Free trade a priority in New Zealand, in Country Profile
Blue, with the flag of the U.K. in the upper hoist-side quadrant, New Zealand’s flag has four red stars that represent the Southern Cross constellation.
Location: Southeast of Australia in the Oceania region, New Zealand is comprised of islands in the South Pacific Ocean.
Language: English, with small percentages of Maori, Samoan and others
Total Population: 4.5 million
Government: Parliamentary democracy under a constitutional monarchy
Religion: Christian (44.3%); in the 2013 census 38.5 percent stated “no religion”
Economy: New Zealand’s economy is highly dependent on international trade and tourism, and the U.S. is the country’s third most important trading partner after China and Australia. While its economic foundation remains in agricultural exports, over the past 40 years New Zealand has developed more of an industrialized, free market economy with deepened technological capabilities.

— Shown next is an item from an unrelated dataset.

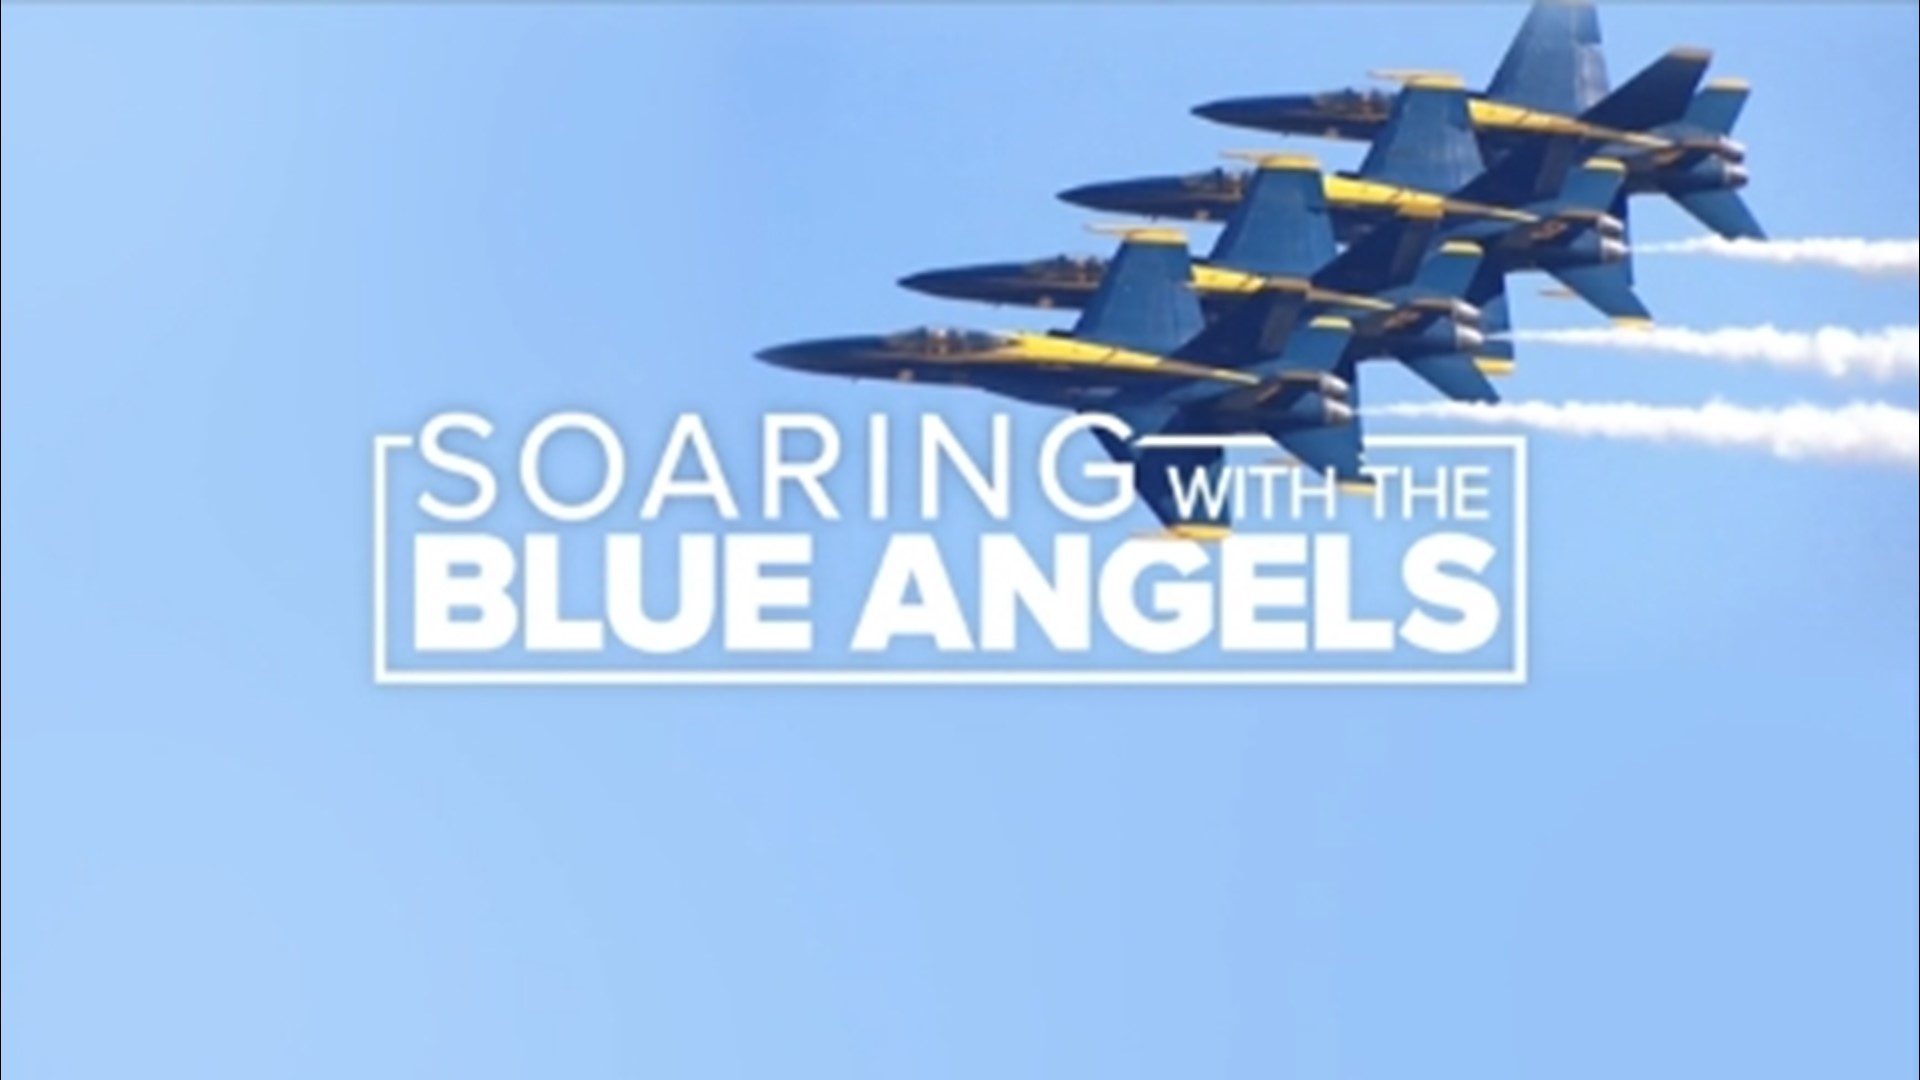 CBS 8’s Marcella Lee had the opportunity to preview one of the main attractions at the Miramar Air Show as she took to the skies on her flight with the Blue Angels!

The country continues to make free trade agreements a top foreign policy priority.
News note: Although New Zealand’s building and construction sector are performing strongly as a result of rebuilding and seismic upgrade programs, the country continues to face a housing affordability shortage. The new Labour-led government has committed $1.5 billion to the KiwiBuild program to deliver 100,000 quality homes for first-time homebuyers over the next decade.
GDP (official exchange rate): $200.8 billion
Currency: New Zealand Dollar (conversion rate at press time: 1 NZD equals $0.66 USD).
Franchising in New Zealand: New Zealand has one of the world’s highest per-capita ownership of franchises and the model brings with it the benefits of scale offered by a larger corporation versus the country’s typical small business (approximately 97 percent of New Zealand’s businesses have fewer than 20 employees). The country’s market size is ideal for new-to-export companies and for testing new-to-market products. Reps of U.S. companies should visit New Zealand to meet prospective partners, as this is a common practice of competitors, many of which are just across the Tasman Sea in Australia.
Cultural notes: To bridge the geographical distance between the U.S. and New Zealand, rapport, trust and clear communication are important in business dealings. New Zealanders value strong working relationships with their U.S. partners, and for them due diligence is important, along with having numerous resources available for assistance. Overall business practices are similar to those in the U.S.
Ease of doing business ranking by World Bank: 1.